### SOURCE DATA ###

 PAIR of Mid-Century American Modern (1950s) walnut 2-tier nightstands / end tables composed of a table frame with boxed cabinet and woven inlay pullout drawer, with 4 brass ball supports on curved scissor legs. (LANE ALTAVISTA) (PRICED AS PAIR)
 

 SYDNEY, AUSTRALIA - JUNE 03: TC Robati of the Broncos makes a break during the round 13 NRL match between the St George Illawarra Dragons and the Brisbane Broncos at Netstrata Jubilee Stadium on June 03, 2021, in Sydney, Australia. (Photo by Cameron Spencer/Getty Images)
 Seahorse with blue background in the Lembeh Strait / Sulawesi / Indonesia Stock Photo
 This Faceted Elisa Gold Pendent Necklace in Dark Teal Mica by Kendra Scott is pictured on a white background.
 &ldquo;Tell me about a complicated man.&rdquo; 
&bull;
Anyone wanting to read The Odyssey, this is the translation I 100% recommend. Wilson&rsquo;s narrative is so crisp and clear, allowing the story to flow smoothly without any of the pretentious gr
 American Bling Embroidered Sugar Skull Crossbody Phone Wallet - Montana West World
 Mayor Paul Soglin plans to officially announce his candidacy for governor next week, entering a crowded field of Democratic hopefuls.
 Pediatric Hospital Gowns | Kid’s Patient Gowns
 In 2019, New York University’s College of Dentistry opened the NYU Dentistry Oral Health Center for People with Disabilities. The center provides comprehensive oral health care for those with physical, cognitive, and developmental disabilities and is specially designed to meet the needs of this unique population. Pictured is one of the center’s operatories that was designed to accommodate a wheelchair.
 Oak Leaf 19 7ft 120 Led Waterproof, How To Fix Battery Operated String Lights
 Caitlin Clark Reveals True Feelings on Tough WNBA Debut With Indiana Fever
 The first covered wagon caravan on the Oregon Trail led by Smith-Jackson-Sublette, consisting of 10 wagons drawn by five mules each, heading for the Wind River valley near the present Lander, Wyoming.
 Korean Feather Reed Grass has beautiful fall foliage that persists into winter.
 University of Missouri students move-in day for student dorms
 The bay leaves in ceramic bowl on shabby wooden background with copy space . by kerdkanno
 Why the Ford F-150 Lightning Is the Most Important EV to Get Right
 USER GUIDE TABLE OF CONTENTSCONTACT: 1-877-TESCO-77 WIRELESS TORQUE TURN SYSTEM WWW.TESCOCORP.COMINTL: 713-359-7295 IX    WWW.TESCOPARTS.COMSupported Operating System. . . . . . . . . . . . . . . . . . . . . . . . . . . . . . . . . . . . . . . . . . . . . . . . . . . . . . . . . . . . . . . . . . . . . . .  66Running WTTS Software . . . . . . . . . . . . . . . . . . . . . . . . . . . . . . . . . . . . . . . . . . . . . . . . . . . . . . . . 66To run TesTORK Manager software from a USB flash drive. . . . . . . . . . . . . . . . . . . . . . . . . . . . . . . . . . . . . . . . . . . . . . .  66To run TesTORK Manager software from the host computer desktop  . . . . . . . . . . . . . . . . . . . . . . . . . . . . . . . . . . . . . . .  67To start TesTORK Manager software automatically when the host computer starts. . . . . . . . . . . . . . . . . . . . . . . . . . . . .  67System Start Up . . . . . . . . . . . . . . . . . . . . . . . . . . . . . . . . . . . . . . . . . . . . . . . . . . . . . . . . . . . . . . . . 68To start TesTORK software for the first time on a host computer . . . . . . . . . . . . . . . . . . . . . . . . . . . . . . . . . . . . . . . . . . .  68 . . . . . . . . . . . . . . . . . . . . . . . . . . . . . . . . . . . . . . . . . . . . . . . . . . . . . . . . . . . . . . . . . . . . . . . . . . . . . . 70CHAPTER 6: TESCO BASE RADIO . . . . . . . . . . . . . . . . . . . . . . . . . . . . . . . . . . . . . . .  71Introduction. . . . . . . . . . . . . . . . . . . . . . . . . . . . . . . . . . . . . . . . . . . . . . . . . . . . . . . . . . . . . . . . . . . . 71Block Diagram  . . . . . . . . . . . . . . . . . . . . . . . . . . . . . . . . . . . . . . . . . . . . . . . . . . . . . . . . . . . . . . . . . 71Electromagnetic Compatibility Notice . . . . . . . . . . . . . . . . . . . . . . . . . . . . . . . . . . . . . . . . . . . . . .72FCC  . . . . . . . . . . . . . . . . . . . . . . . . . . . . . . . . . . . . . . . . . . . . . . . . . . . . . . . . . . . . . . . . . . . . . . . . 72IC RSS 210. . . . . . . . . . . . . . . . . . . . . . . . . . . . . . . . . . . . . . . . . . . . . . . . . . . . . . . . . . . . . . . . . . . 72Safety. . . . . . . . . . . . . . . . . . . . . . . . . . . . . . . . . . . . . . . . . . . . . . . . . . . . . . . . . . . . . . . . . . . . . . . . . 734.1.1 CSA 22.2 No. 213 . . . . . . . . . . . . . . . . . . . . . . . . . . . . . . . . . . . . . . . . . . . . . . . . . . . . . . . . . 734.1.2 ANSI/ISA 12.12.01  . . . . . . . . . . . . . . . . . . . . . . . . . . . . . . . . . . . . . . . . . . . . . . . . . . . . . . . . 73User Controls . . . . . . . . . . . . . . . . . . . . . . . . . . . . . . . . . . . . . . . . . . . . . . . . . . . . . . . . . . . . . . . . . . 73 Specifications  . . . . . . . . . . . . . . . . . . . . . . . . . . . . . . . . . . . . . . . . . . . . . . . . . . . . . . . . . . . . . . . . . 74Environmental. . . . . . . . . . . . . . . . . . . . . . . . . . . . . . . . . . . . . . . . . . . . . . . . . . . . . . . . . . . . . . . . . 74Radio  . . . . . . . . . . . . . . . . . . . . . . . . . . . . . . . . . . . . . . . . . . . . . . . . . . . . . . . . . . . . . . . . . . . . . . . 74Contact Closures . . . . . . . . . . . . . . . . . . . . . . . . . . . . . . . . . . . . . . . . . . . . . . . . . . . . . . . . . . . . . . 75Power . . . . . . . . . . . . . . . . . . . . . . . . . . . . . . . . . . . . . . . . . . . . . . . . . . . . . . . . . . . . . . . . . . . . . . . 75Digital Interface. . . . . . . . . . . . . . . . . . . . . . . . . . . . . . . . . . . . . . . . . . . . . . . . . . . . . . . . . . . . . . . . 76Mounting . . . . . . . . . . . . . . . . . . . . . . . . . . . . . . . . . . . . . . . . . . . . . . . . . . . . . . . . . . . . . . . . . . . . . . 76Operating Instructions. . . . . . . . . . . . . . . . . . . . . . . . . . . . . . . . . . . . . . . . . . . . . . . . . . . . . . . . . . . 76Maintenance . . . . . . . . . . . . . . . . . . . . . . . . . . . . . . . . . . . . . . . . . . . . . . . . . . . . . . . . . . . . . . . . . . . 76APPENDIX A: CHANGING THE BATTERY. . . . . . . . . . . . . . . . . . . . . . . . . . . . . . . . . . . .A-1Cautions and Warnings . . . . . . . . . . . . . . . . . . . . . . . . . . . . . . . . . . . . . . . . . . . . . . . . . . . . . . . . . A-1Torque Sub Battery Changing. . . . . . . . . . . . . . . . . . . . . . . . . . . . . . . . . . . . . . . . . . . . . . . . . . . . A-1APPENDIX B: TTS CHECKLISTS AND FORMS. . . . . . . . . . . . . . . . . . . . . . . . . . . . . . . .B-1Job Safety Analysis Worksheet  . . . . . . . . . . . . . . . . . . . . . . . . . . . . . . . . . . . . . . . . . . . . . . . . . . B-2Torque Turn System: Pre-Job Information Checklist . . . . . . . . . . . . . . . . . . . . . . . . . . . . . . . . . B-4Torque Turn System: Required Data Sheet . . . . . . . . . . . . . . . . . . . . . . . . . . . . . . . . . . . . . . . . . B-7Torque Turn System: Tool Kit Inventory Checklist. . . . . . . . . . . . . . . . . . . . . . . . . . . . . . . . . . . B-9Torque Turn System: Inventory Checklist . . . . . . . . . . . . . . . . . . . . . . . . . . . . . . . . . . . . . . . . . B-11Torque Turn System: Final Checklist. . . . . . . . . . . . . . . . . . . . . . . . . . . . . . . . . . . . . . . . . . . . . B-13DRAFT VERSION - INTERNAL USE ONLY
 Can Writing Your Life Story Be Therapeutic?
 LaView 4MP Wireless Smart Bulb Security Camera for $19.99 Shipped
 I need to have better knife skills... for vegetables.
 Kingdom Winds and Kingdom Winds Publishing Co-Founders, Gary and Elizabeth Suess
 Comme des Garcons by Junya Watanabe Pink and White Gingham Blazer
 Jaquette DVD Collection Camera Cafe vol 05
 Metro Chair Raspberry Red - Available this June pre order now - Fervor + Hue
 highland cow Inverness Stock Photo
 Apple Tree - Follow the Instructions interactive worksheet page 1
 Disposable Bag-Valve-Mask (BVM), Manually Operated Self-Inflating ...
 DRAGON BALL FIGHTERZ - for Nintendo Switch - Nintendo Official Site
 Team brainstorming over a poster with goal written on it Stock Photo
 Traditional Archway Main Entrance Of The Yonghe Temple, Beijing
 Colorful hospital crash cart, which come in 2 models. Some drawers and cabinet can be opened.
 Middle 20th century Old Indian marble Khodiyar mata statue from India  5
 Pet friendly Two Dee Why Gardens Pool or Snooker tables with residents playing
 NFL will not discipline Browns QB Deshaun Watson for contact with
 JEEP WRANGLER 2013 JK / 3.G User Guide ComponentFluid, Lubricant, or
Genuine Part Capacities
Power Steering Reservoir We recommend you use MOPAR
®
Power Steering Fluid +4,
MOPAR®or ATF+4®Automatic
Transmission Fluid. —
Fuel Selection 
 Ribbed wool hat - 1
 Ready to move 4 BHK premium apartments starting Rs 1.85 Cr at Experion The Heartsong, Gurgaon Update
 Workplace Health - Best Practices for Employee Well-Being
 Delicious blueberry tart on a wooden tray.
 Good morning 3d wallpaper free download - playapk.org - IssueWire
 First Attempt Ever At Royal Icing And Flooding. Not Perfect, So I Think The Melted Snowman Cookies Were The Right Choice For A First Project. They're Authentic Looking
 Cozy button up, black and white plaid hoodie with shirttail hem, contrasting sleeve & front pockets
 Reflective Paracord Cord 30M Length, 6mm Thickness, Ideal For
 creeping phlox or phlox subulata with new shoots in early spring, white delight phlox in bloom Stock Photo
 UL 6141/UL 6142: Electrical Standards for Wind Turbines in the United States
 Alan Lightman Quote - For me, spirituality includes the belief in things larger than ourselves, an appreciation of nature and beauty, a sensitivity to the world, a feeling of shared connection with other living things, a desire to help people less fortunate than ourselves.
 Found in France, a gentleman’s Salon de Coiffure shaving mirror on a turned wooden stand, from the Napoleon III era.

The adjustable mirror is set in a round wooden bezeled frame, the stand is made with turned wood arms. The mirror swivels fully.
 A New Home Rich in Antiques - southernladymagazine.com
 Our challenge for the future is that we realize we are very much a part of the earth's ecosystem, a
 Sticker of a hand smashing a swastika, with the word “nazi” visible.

###

In the listing above, find the line with "Cozy button up, black" and the line with "A New Home Rich", then reproduce both and every line between them exactly.

 Cozy button up, black and white plaid hoodie with shirttail hem, contrasting sleeve & front pockets
 Reflective Paracord Cord 30M Length, 6mm Thickness, Ideal For
 creeping phlox or phlox subulata with new shoots in early spring, white delight phlox in bloom Stock Photo
 UL 6141/UL 6142: Electrical Standards for Wind Turbines in the United States
 Alan Lightman Quote - For me, spirituality includes the belief in things larger than ourselves, an appreciation of nature and beauty, a sensitivity to the world, a feeling of shared connection with other living things, a desire to help people less fortunate than ourselves.
 Found in France, a gentleman’s Salon de Coiffure shaving mirror on a turned wooden stand, from the Napoleon III era.

The adjustable mirror is set in a round wooden bezeled frame, the stand is made with turned wood arms. The mirror swivels fully.
 A New Home Rich in Antiques - southernladymagazine.com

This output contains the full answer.